First, lets start by looking at how much memory one ByteString uses. Here's the definition of ByteString:

data ByteString = PS {-# UNPACK #-} !(ForeignPtr Word8)
                     {-# UNPACK #-} !Int  -- offset
                     {-# UNPACK #-} !Int  -- length

(The two Int fields are used to support O(1) slicing.)

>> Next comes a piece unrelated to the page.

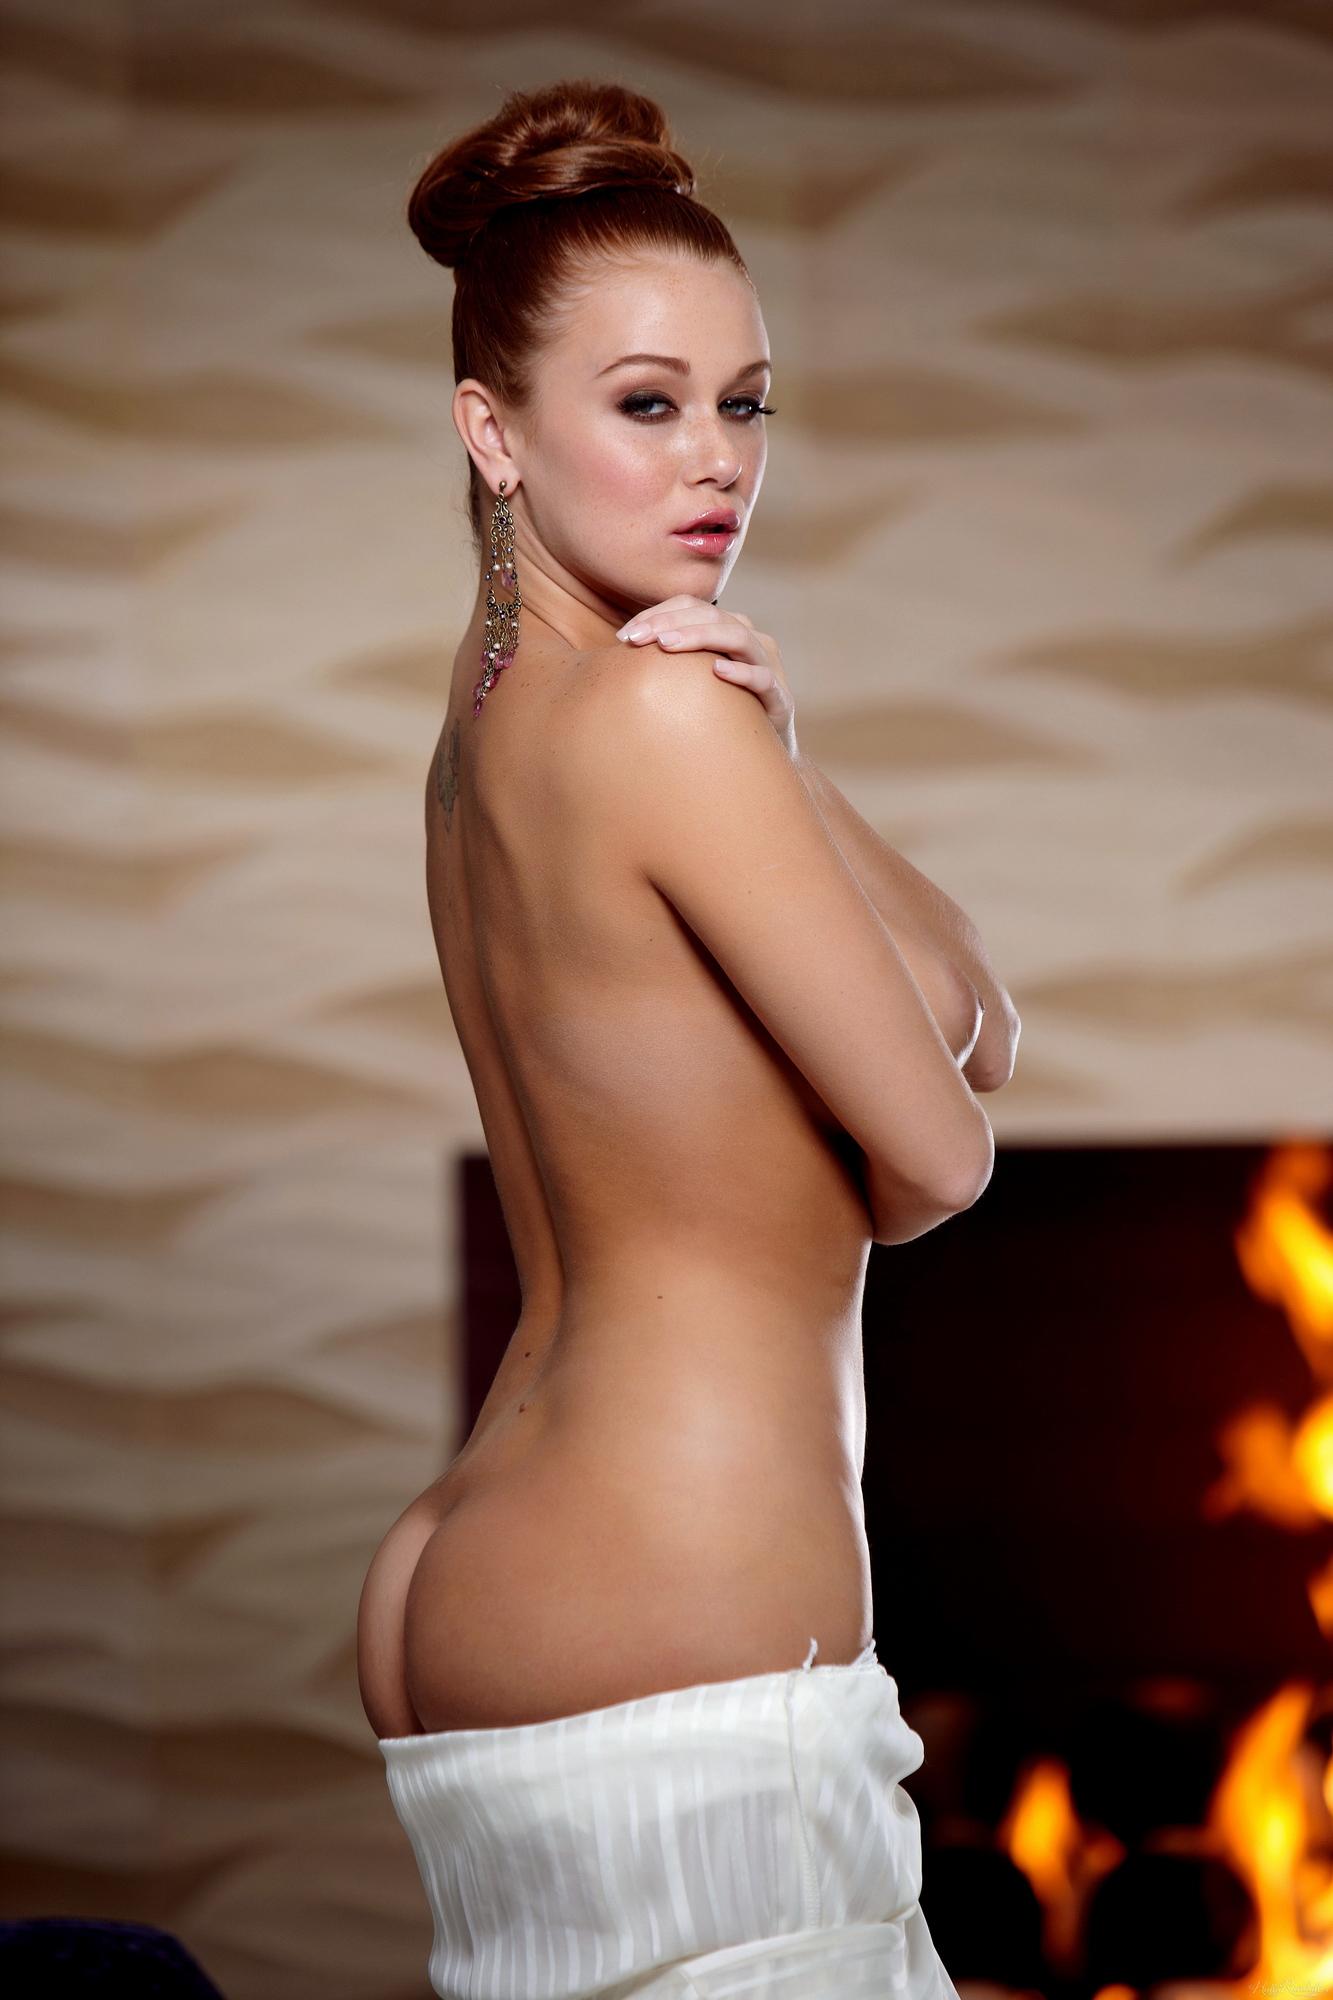 leanna-decker-nude-fireplace-redhead-hollyrandall-11

We also need the definitions of ForeignPtr and Int:

data ForeignPtr a = ForeignPtr Addr# ForeignPtrContents

data ForeignPtrContents
    = PlainForeignPtr !(IORef (Finalizers, [IO ()]))
    | MallocPtr (MutableByteArray# RealWorld)
                !(IORef (Finalizers, [IO ()]))
    | PlainPtr (MutableByteArray# RealWorld)

data Int = I# Int#

Int# is an unboxed type. Most unboxed types take one word, the exceptions being Int64#, Word64#, and Double# which take 2 words on a 32-bit machine.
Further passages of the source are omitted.